Create topology.dot from the Production Network
After you obtain the cl-support output, you can create a topology.dot file using this parser script. You can run the script using python3. Here is sample output:
$ python3 cl_support_lldp_parser.py
Extracting: /home/cumulus/cl_support_lldp_parser/cl_support_leaf01_20210721_164553.txz
Extracting: /home/cumulus/cl_support_lldp_parser/cl_support_spine02_20210721_164553.txz
Extracting: /home/cumulus/cl_support_lldp_parser/cl_support_leaf02_20210721_164553.txz
Extracting: /home/cumulus/cl_support_lldp_parser/cl_support_spine01_20210721_084129.txz
folder is: /home/cumulus/cl_support_lldp_parser/cl_support_leaf01_20210721_164553
leaf01
leaf01:eth0 -- oob-mgmt-switch:swp2
leaf01:swp31 -- spine01:swp1
leaf01:swp32 -- spine02:swp1
folder is: /home/cumulus/cl_support_lldp_parser/cl_support_spine02_20210721_164553
spine02
spine02:eth0 -- oob-mgmt-switch:swp6
spine02:swp1 -- leaf01:swp32
spine02:swp2 -- leaf02:swp32
folder is: /home/cumulus/cl_support_lldp_parser/cl_support_leaf02_20210721_164553
leaf02
leaf02:eth0 -- oob-mgmt-switch:swp4
leaf02:swp31 -- spine01:swp2
leaf02:swp32 -- spine02:swp2
folder is: /home/cumulus/cl_support_lldp_parser/cl_support_spine01_20210721_084129
spine01
spine01:eth0 -- oob-mgmt-switch:swp5
spine01:swp1 -- leaf01:swp31
spine01:swp2 -- leaf02:swp31
DOTFILE: cl_support_lldp_parser.dot
The command writes the output to the cl_support_lldp_parser.dot file. You need to manually edit this file to define the node versions and clean up any extra configurations:
$ cat cl_support_lldp_parser.dot
graph dc1 {
"leaf01" [function="leaf" ]
"oob-mgmt-switch" [function="leaf" ]
"spine01" [function="leaf" ]
"spine02" [function="leaf" ]
"leaf02" [function="leaf" ]
"leaf01":"eth0" -- "oob-mgmt-switch":"swp2"
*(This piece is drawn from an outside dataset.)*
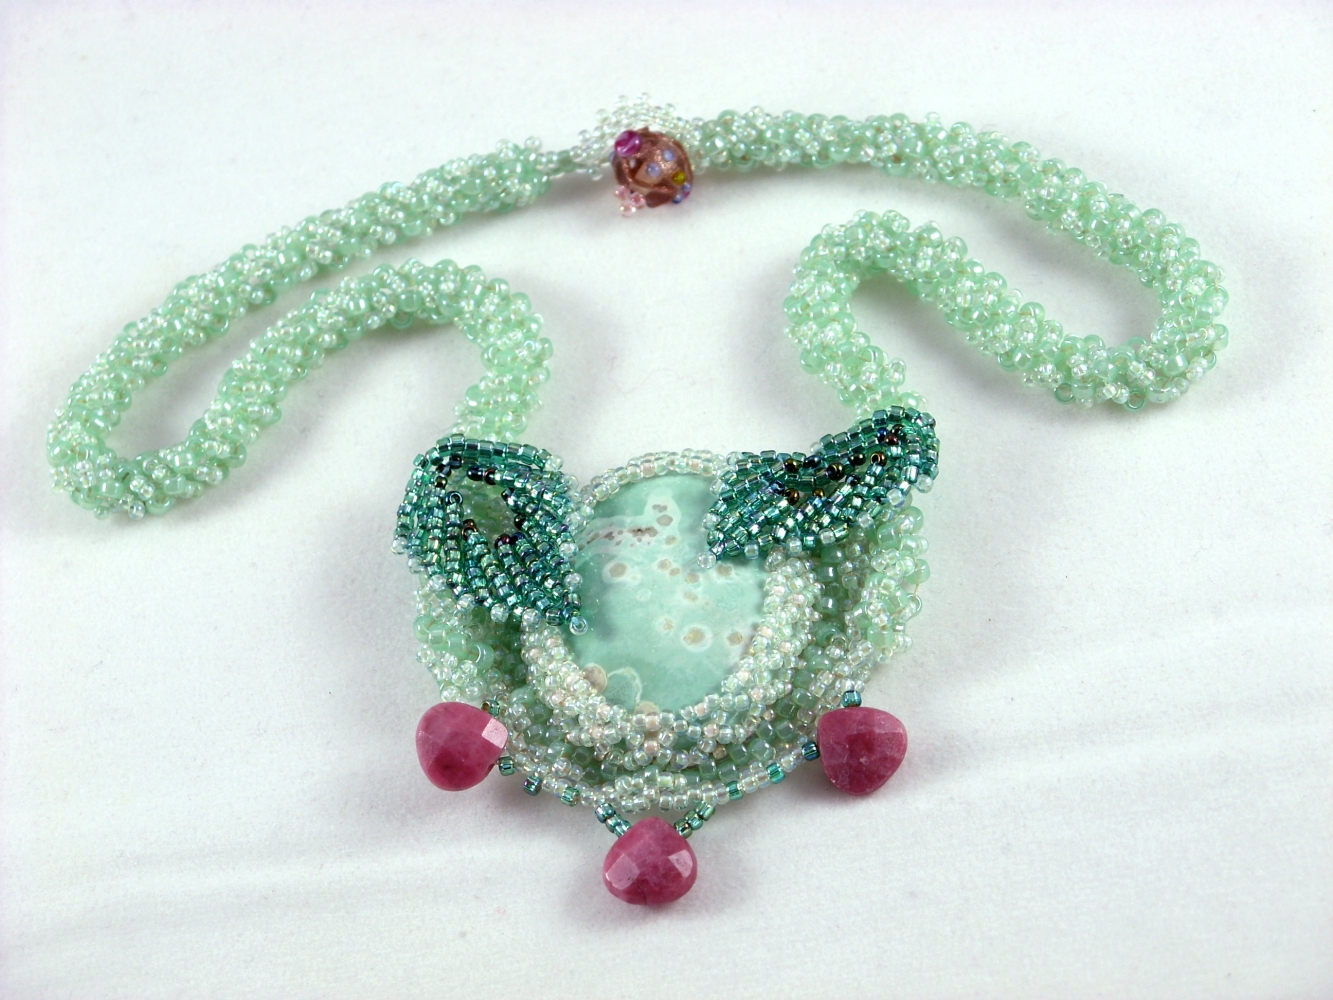 bead woven necklace in sea green bead weaving with polished stone cabochon  Patricia C Vener

"leaf01":"swp31" -- "spine01":"swp1"
"leaf01":"swp32" -- "spine02":"swp1"
"spine02":"eth0" -- "oob-mgmt-switch":"swp6"
"spine02":"swp2" -- "leaf02":"swp32"
"leaf02":"eth0" -- "oob-mgmt-switch":"swp4"
"leaf02":"swp31" -- "spine01":"swp2"
"spine01":"eth0" -- "oob-mgmt-switch":"swp5"
}
Restore Configuration Files
After you create the simulation, you can restore the configuration files.
This python script extracts relevant files and collates them into folders which you can use to restore configurations.
You can also use the infrastructure-as-code Ansible playbook to restore configurations.